Item 1.01. Entry Into a Material Definitive Agreement.
On August 24, 2020, Tredegar Corporation (the “Company”), Tredegar Far East Corporation, Tredegar Film Products (Latin America), Inc., and Tredegar Investments, LLC (each of which is a subsidiary of the Company, and collectively with the Company, the “Sellers”) entered into a Purchase and Sale Agreement (the “Purchase Agreement”) with Fitesa Nao Tecidos S.A., Fitesa US LLC and Miramar Participações Ltda (collectively, the “Buyers”) and, for the purposes of guaranteeing Buyers’ payment and performance obligations under the Purchase Agreement and for the other limited purposes set forth in the Purchase Agreement, other than for Miramar Participações Ltda, Fitesa S.A. (“Buyers’ Parent”), pursuant to which the Buyers agreed to purchase from the Sellers, and the Sellers agreed to sell to the Buyers (the “Transaction”), 100% of the issued and outstanding equity interests of Tredegar Film Products LLC, Tredegar Film Products India Private Limited and Tredegar Brasil Indústria De Plásticos Ltda. for an aggregate purchase price of approximately $60.5 million (estimated pretax cash proceeds after transaction costs, purchase price adjustments and transition services of $40 to $45 million). Net cash income tax costs or benefits for the Company relating to the Transaction are expected to be negligible.

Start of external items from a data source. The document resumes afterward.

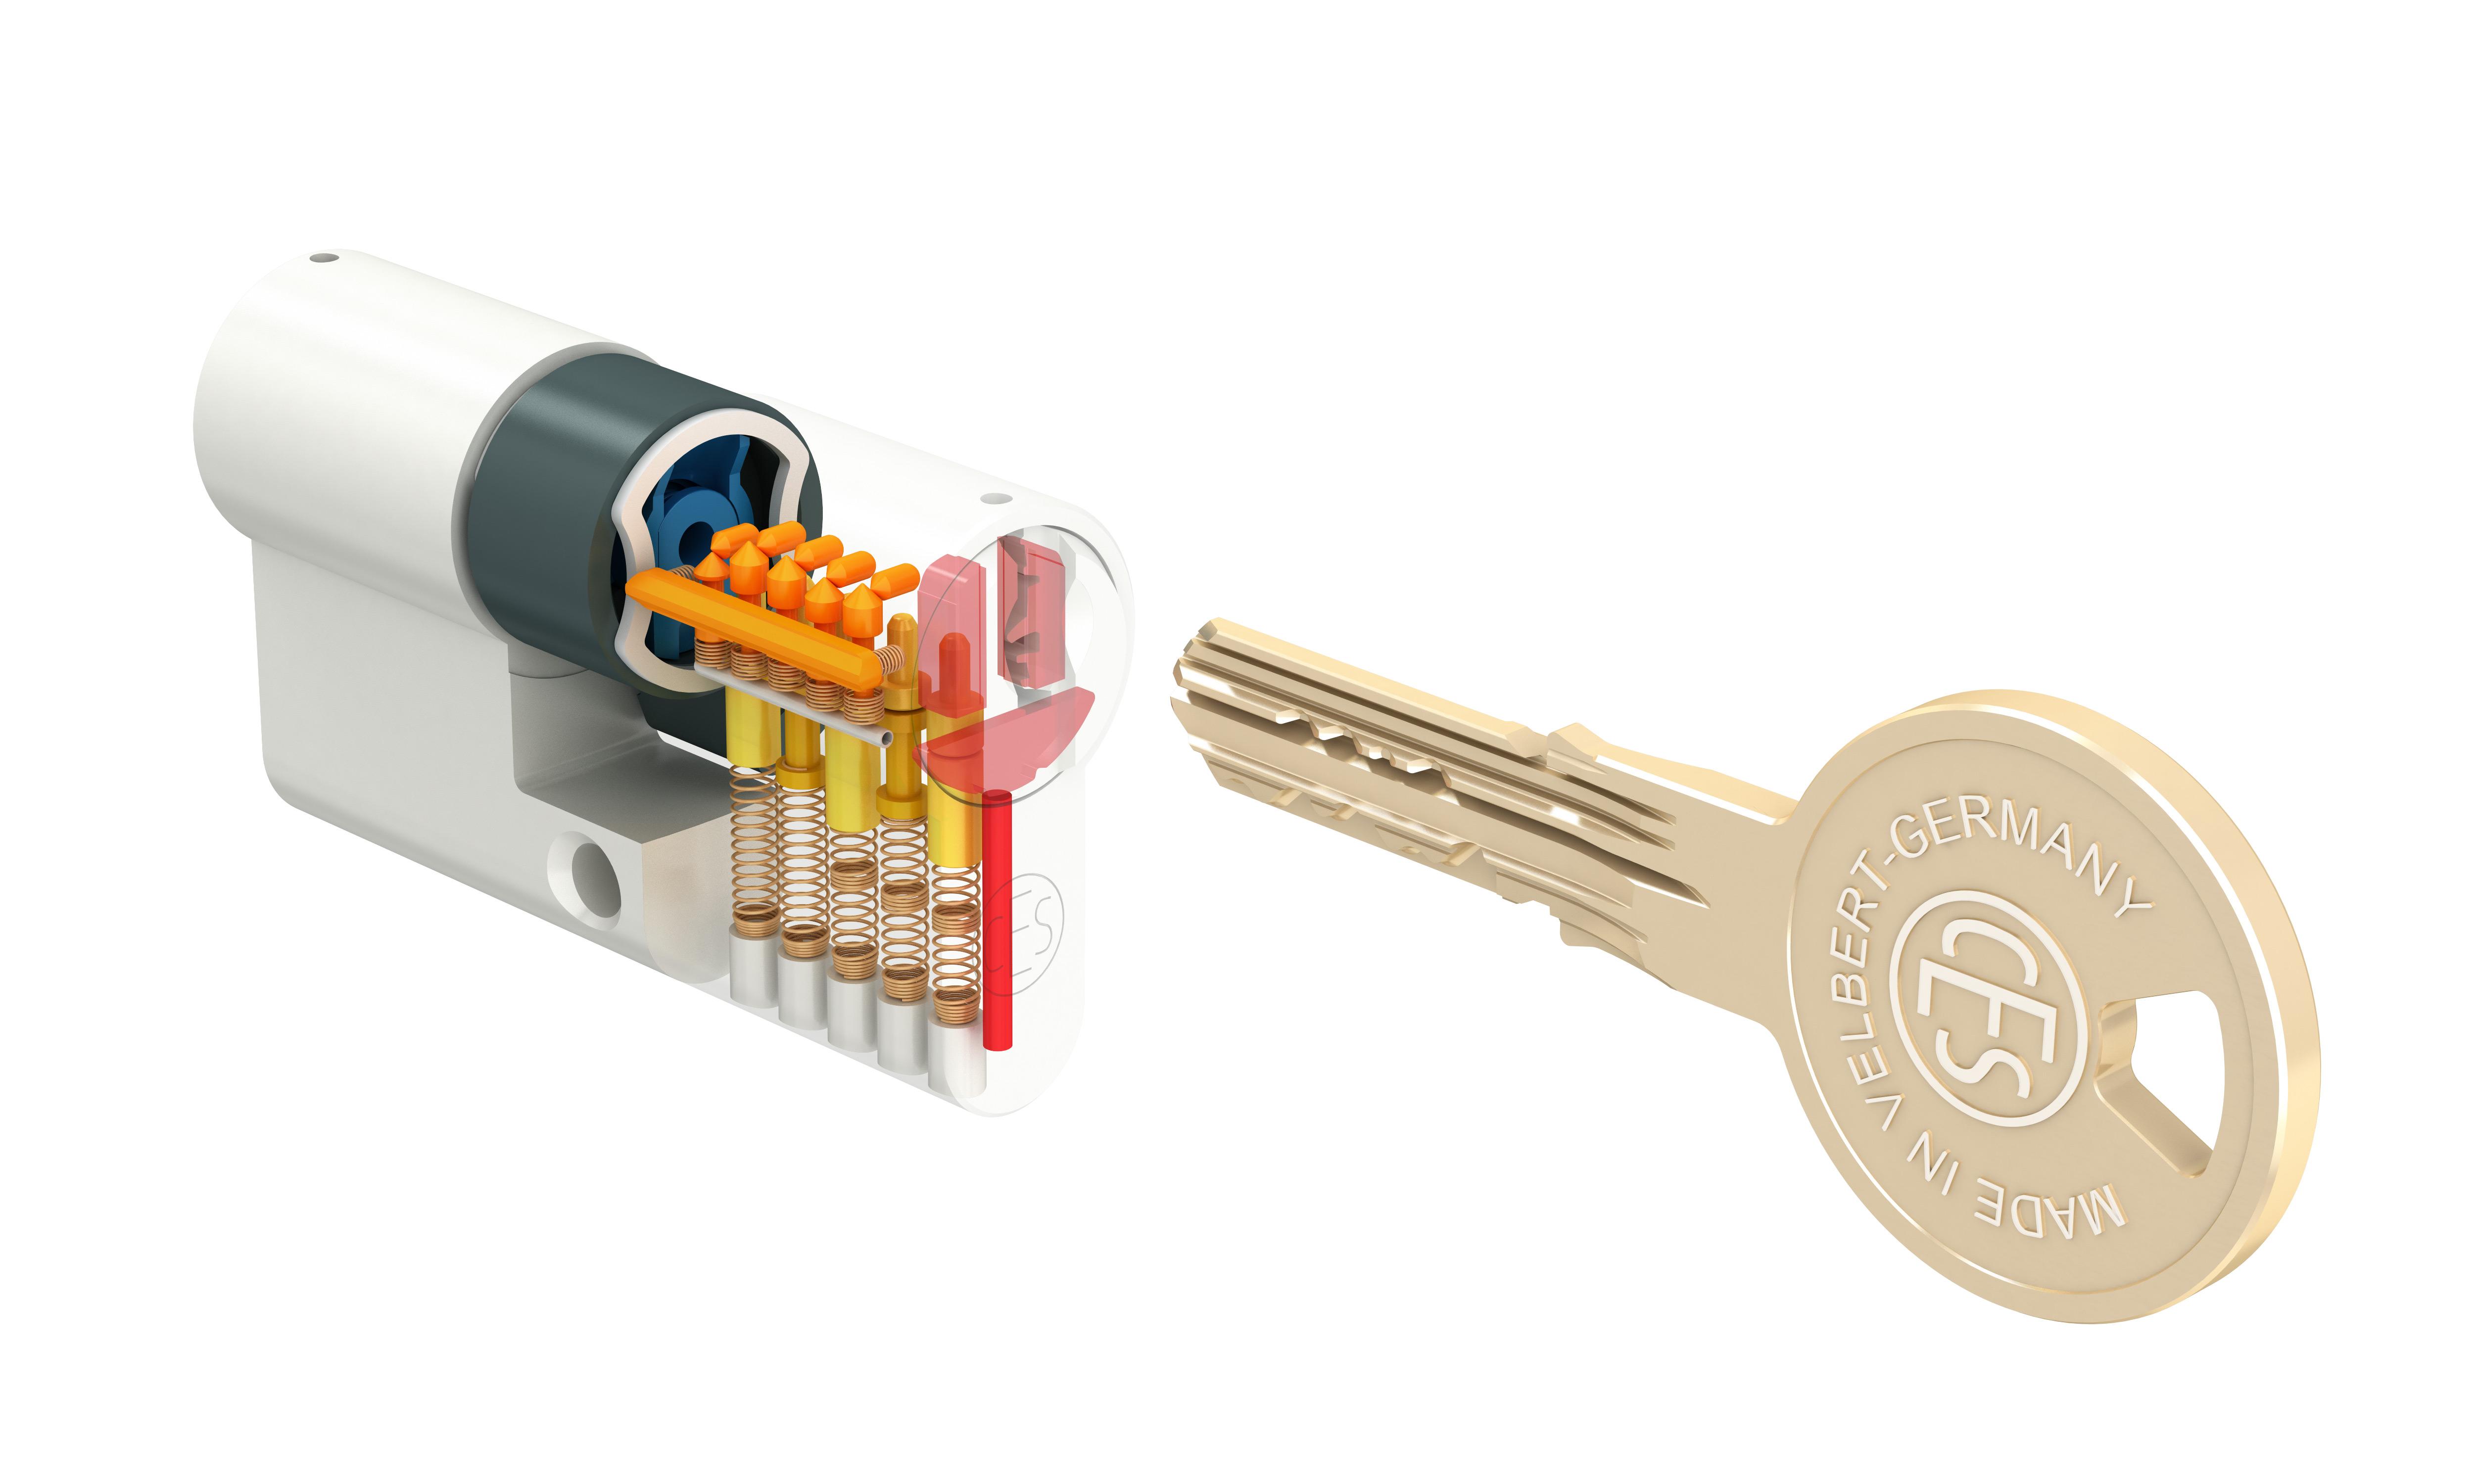 VdS zertifizierter Sicherheitszylinder von CES
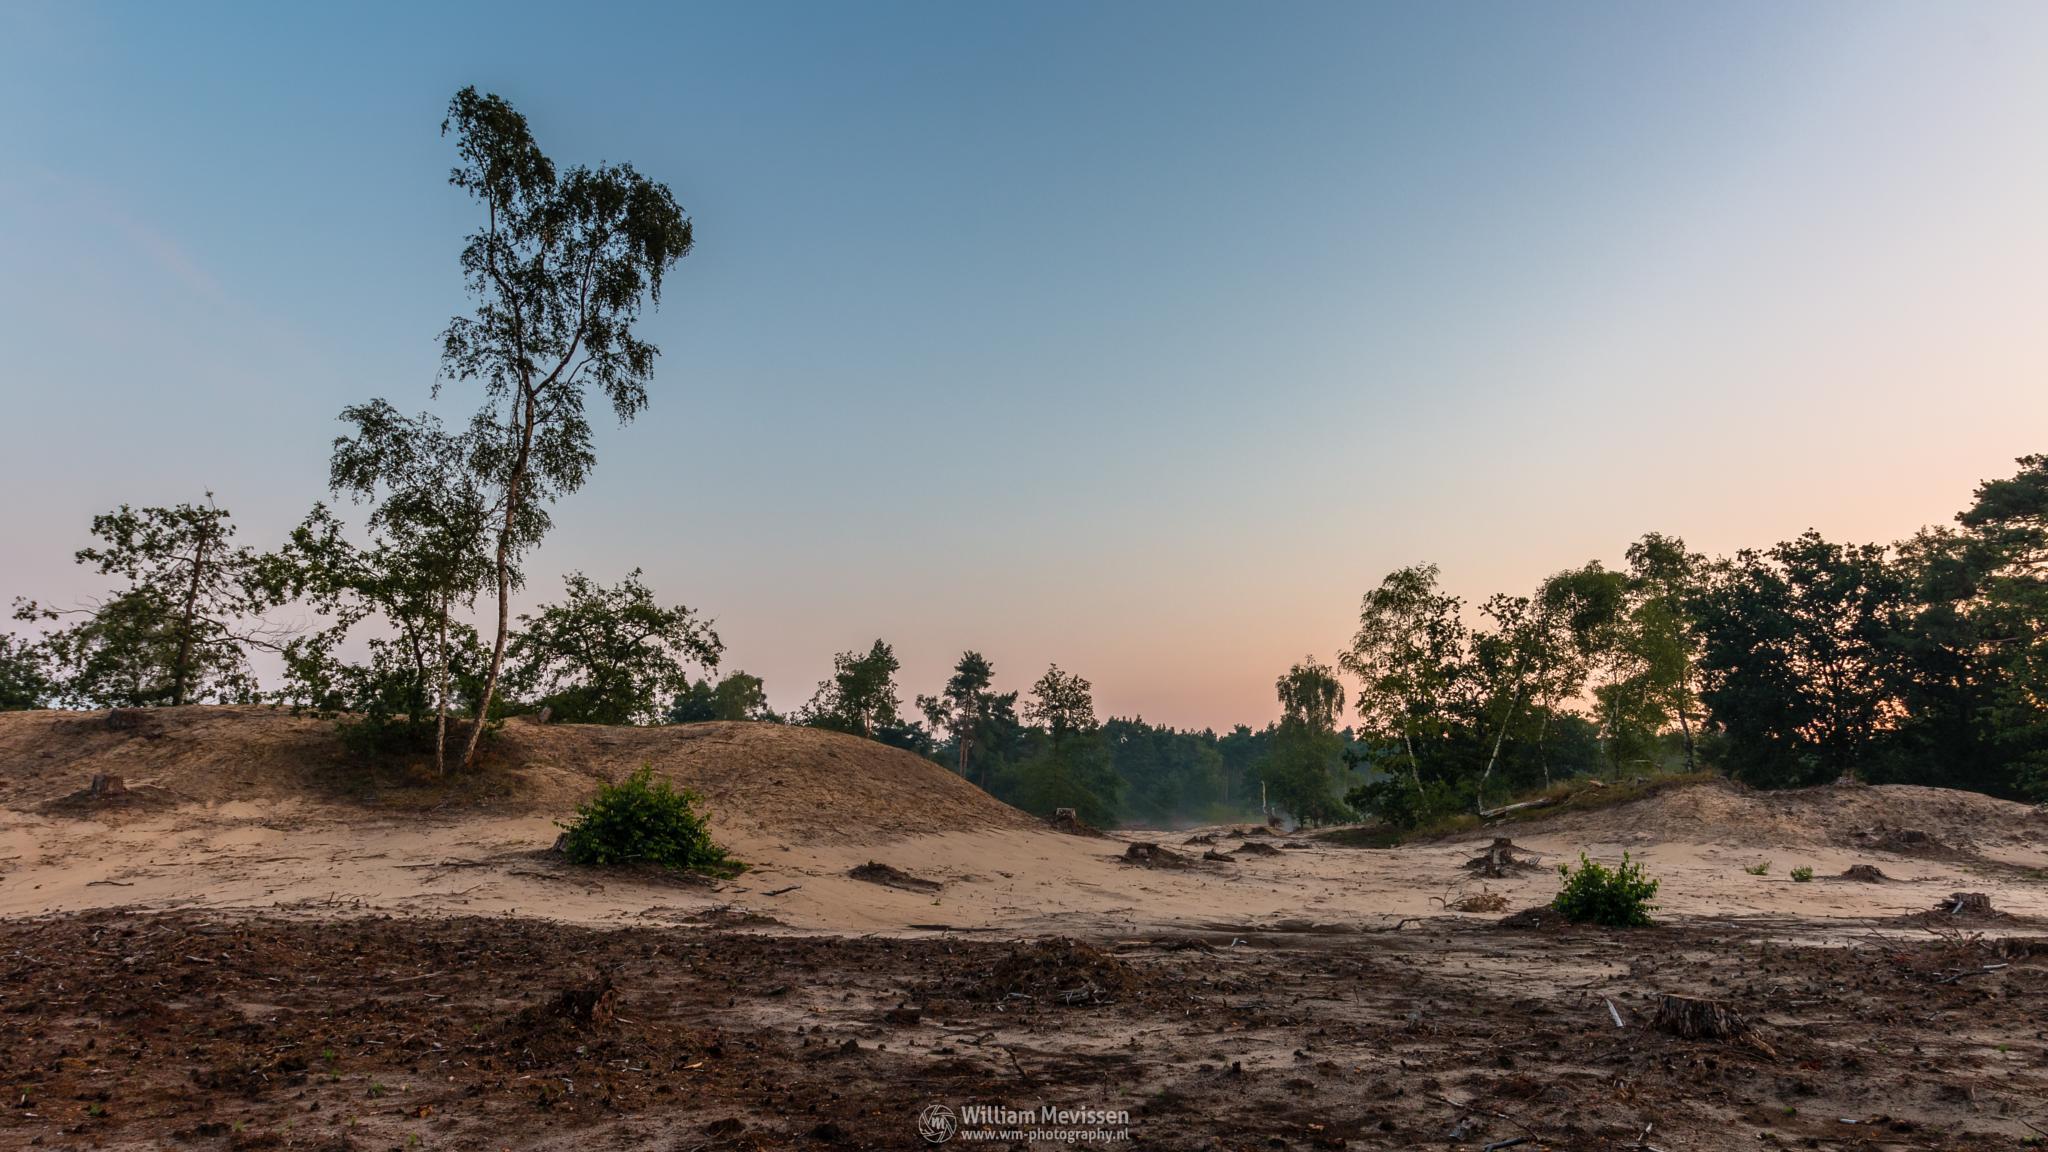 Desolate Land by William Mevissen
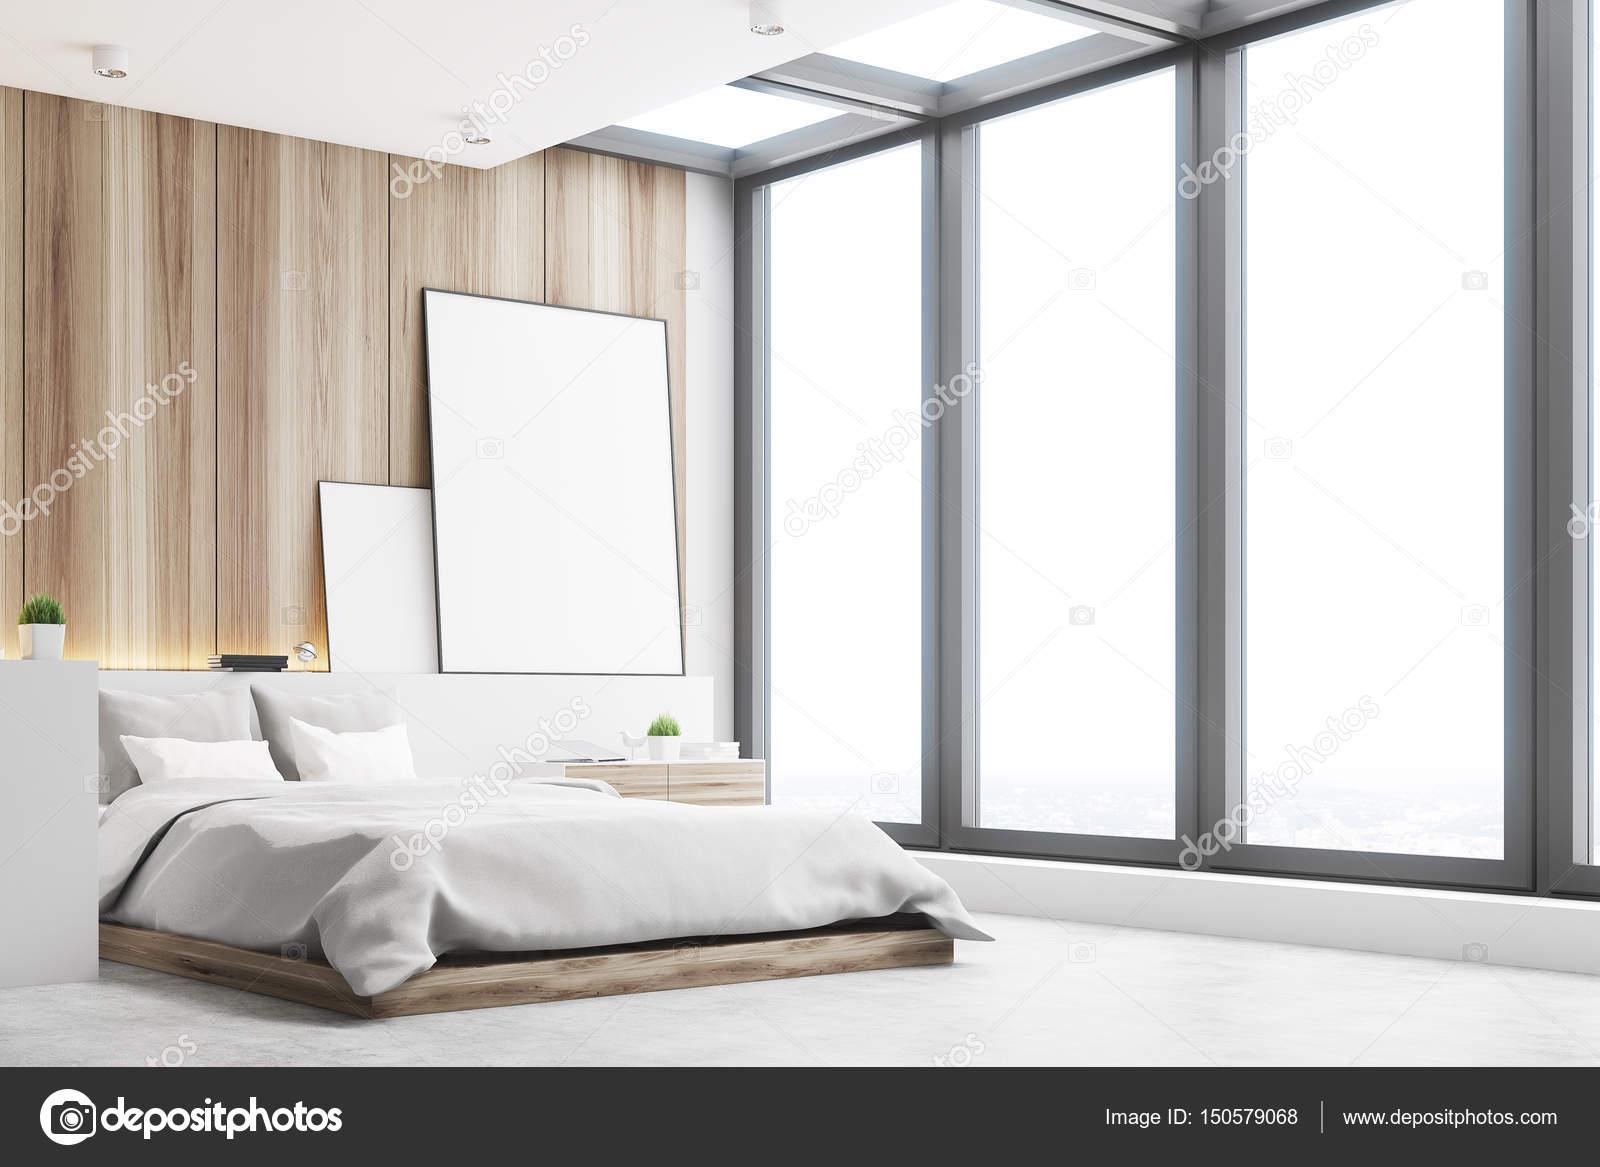 Slaapkamer Met Hout : Lichte slaapkamer hout kant u2014 stockfoto © denisismagilov #150579068

The Company’s subsidiaries included in the Transaction comprise the Company’s Personal Care Films business, which is currently reported by the Company within the personal care component of its PE Films segment. The Transaction excludes the packaging film lines and operations relating to the Pottsville, Pennsylvania manufacturing site also currently reported by the Company within the personal care component of its PE Films segment (“Pottsville Packaging”).
The Purchase Agreement contains customary representations, warranties, covenants, agreements and indemnification obligations of the Sellers, the Buyers and the Buyers’ Parent.
Completion of the Transaction (the “Closing”) is expected to occur during the fourth quarter of 2020. The Closing is contingent upon the satisfaction of customary closing conditions set forth in the Purchase Agreement, including the receipt of certain competition filing approvals, the accuracy of each party’s representations and warranties (subject to certain exceptions) and the performance in all material respects by each of the parties of its covenants and agreements. The Closing is not subject to a financing condition. The Purchase Agreement also includes customary termination provisions, including if the closing of the Transaction has not occurred on or before November 30, 2020, which can be extended under certain, specific circumstances to December 31, 2020.
At Closing, the Company and Fitesa US LLC will enter into a transition services agreement pursuant to which the Company and certain of its affiliates, will provide certain payroll, facility access, accounting and information technology services to support the Buyers and Buyers’ Parent in the ongoing operations of the Personal Care Business.
The foregoing description of the Purchase Agreement does not purport to be complete and is qualified in its entirety by reference to the Purchase Agreement, a copy of which is attached hereto as Exhibit 2.1 and is incorporated herein by reference.
The above description of the Purchase Agreement has been included to provide information regarding the terms of the Purchase Agreement. It is not intended to provide any other information about the Company, the Sellers, the Buyers, the Buyers’ Parent or their respective subsidiaries or affiliates. The Purchase Agreement contains representations and warranties of the parties thereto that were made solely for the benefit of the other party. The assertions embodied in those representations and warranties are qualified by information in confidential disclosure schedules that the parties have exchanged in connection with signing the Purchase Agreement. The disclosure schedules contain information that modifies, qualifies and creates exceptions to the representations and warranties set forth in the Purchase Agreement. In addition, such representations and warranties may apply a contractual standard of materiality that is different from that generally applicable to shareholders. The representations and warranties were made for the purposes of allocating contractual risk between the parties to the Purchase Agreement and should not be relied upon as a disclosure of factual information relating to the parties thereto or the Company.
Item 7.01. | Regulation FD Disclosure. |
On August 25, 2020, the Company issued a press release announcing the Transaction. A copy of the press release is attached hereto as Exhibit 99.1 and is incorporated in this Item 7.01 by reference.
In accordance with General Instruction B.2 of Form 8-K, the information in Item 7.01 of this Current Report on Form 8-K, including Exhibit 99.1, shall not be deemed “filed” for the purposes of Section 18 of the Securities Exchange Act of 1934, as amended, or otherwise subject to the liabilities of that section, nor shall it be deemed incorporated by reference in any filing or other document pursuant to the Securities Act of 1933, as amended, except as shall be expressly set forth by specific reference in such a filing.